Era la una de la madrugada. La esfera del reloj brillaba en la oscuridad creada por la manta.

- Me pinchas con tu barba en el hombro.

- Perdóname, no tengo nada con que afeitarme.

- No importa; me gusta. ¿Tienes la barba rubia?

- Sí.

- ¿Y vas a dejártela crecer?

- No crecerá mucho; antes tenemos que terminar el asunto del puente. María, escúchame: ¿estás dispuesta?

- ¿Dispuesta a qué?

- ¿Quieres que lo hagamos?

- Sí, quiero. Quiero lo que tú quieras. Quiero hacerlo todo, y si lo hacemos todo, quizá sea como si lo otro no hubiese ocurrido.

- ¿Cómo se te ha ocurrido eso? ¿Lo has pensado sola?

- No. Lo había pensado sola, pero fue Pilar la que me lo dijo.

- Es muy lista esa mujer.

- Y otra cosa -dijo María suavemente-; Pilar me ha mandado que te diga que no estoy enferma. Ella sabe estas cosas y me dijo que te lo dijese.

- ¿Te dijo ella que me lo dijeras?

- Sí. Hablé con ella y le dije que te quería. Te quise en cuanto te vi llegar y te había querido siempre, antes de verte, y se lo dije a Pilar, y Pilar dijo que si alguna vez te contaba lo que me había pasado, que te dijera que no estaba enferma. Lo otro me lo dijo hace mucho tiempo; poco después de lo del tren.

- ¿Qué fue lo que te dijo?

- Me dijo que a una no le hacen nada si una no lo consiente y que si yo quería a alguien de veras, todo eso desaparecería. Quería morirme, ¿sabes?

- Pilar te dijo la verdad.

- Y ahora soy feliz por no haberme muerto. Me siento tan dichosa de no haber muerto… ¿Crees que podrás quererme?

- Claro, ya te quiero.

- ¿Y podría ser tu mujer?

- No puedo tener mujer mientras haga este trabajo. Pero tú eres mi mujer desde ahora.
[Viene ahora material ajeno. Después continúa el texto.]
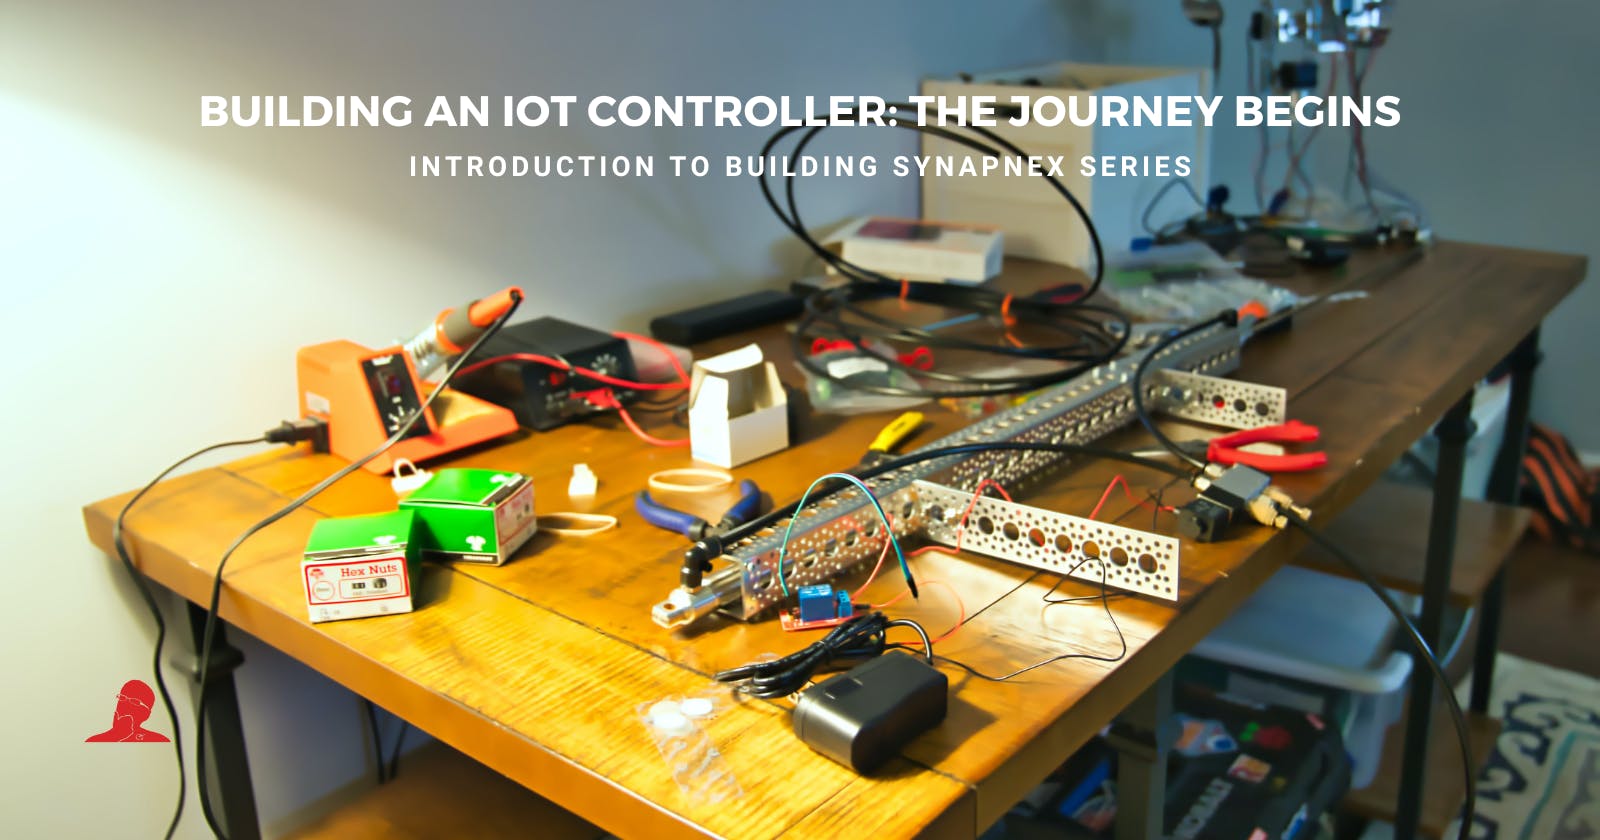 Building an IoT Controller: The Journey Begins

- Si algún día lo soy, lo seré para siempre. ¿Soy tu mujer ahora?

- Sí, María. Sí, conejito mío.

Ella se apretó más contra él y él buscó sus labios, los encontró y se besaron, y él la sintió fresca, nueva, suave, joven y adorable, con aquella frescura cálida, devoradora e increíble; porque era increíble encontrársela allí, en su saco de noche, que era tan familiar para él como sus propias ropas, sus zapatos o su trabajo, y, por último, ella dijo, asustada:

- Y ahora hagamos en seguida todo lo que tenemos que hacer, para que desaparezca todo lo demás.

- ¿Lo deseas de verdad?

- Sí -dijo ella casi con fiereza-. Sí. Sí. Sí.

Capítulo octavo

La noche estaba fría. Robert Jordan dormía profundamente. Se despertó una vez y, al estirarse, notó la presencia de la muchacha, acurrucada, dentro del saco, respirando ligera y regularmente. El cielo estaba duro, esmaltado de estrellas, el aire frío le empapaba las narices; metió la cabeza en la tibieza del saco y besó la suave espalda de la muchacha. La chica no se despertó y Jordan se volvió de lado, despegándose suavemente y, sacando otra vez la cabeza del saco, se quedó en vela un instante, paladeando la voluptuosidad que le originaba su fatiga; luego, el deleite suave, táctil, de los dos cuerpos rozándose; por último, estiró las piernas hasta el fondo del saco y se dejó caer a plomo en el más profundo sueño.

Se despertó al rayar el día. La muchacha se había marchado. Lo supo al despertarse, extender el brazo y notar el saco todavía tibio en el lugar donde ella había reposado. Miró hacia la entrada de la cueva, donde se hallaba la manta, bordeada de escarcha, y vio una débil columna gris de humo, que se escapaba de una hendidura entre las rocas, cosa que quería decir que el fuego de la cocina había sido encendido.